Data below section start

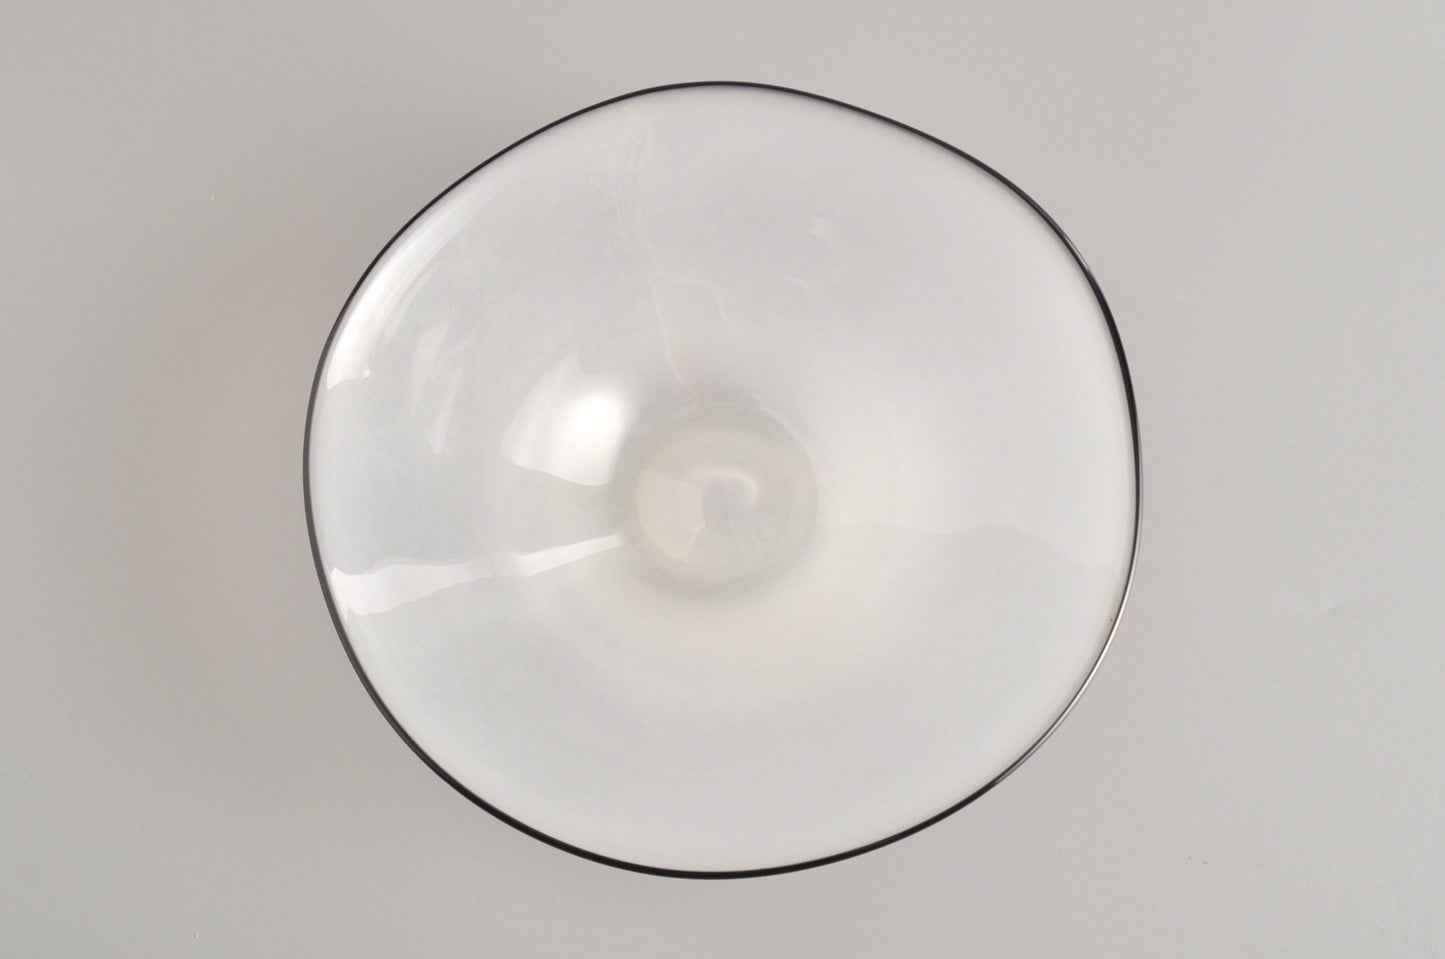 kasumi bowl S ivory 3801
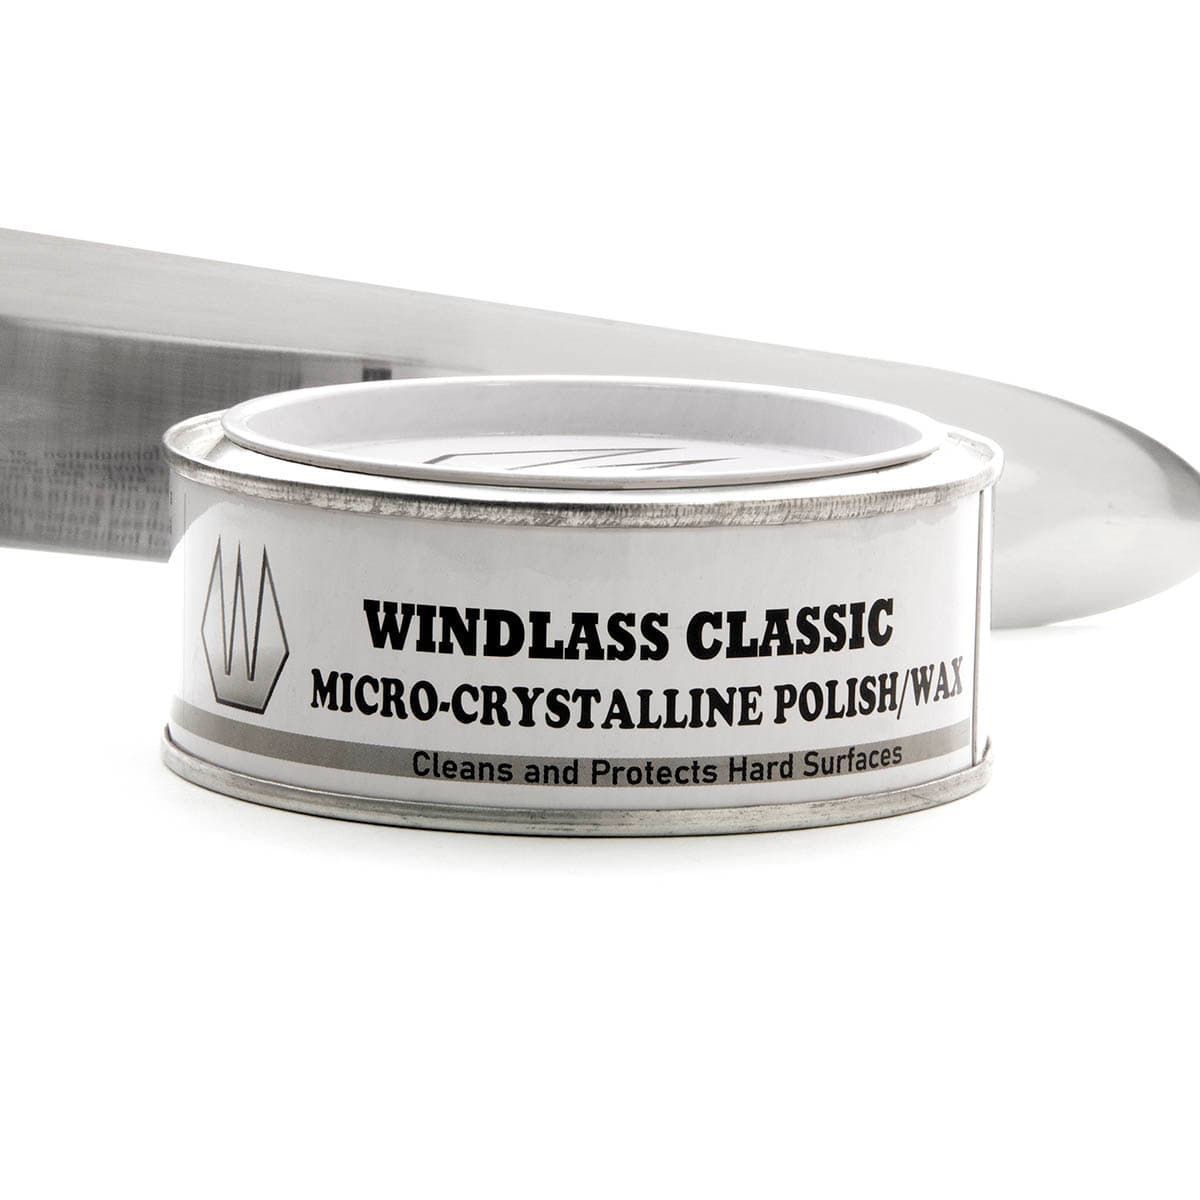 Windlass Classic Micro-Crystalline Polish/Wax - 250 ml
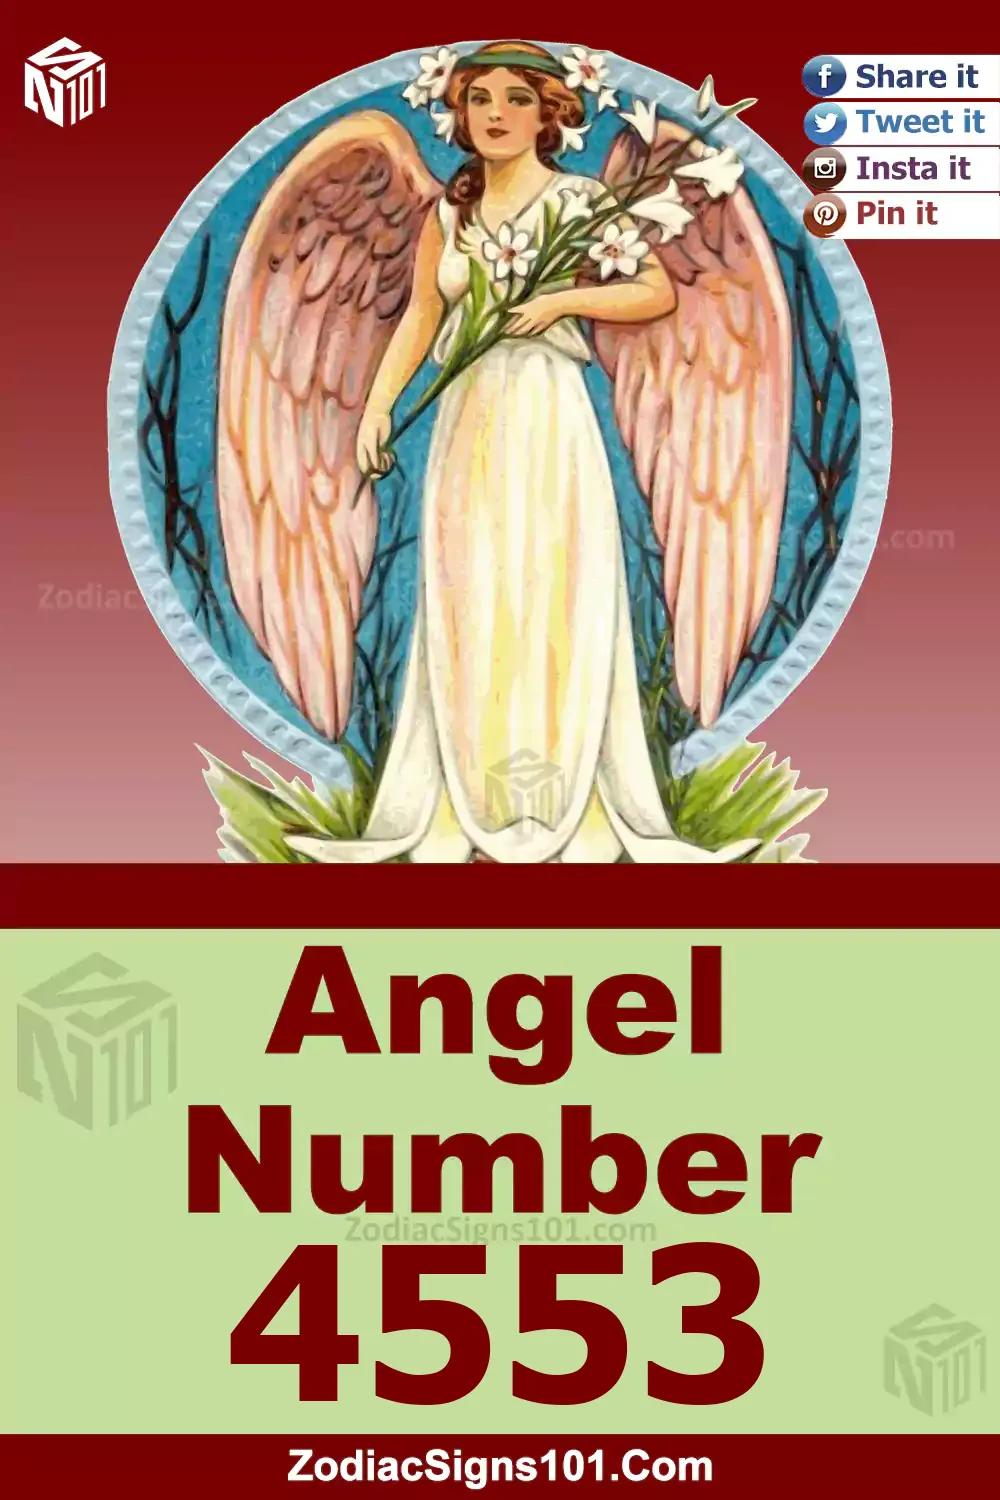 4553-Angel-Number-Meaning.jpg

Data below section end

To do
Print the listing word for word but skip its pictures.

Task solution
 kasumi bowl S ivory 3801
 Windlass Classic Micro-Crystalline Polish/Wax - 250 ml
 4553-Angel-Number-Meaning.jpg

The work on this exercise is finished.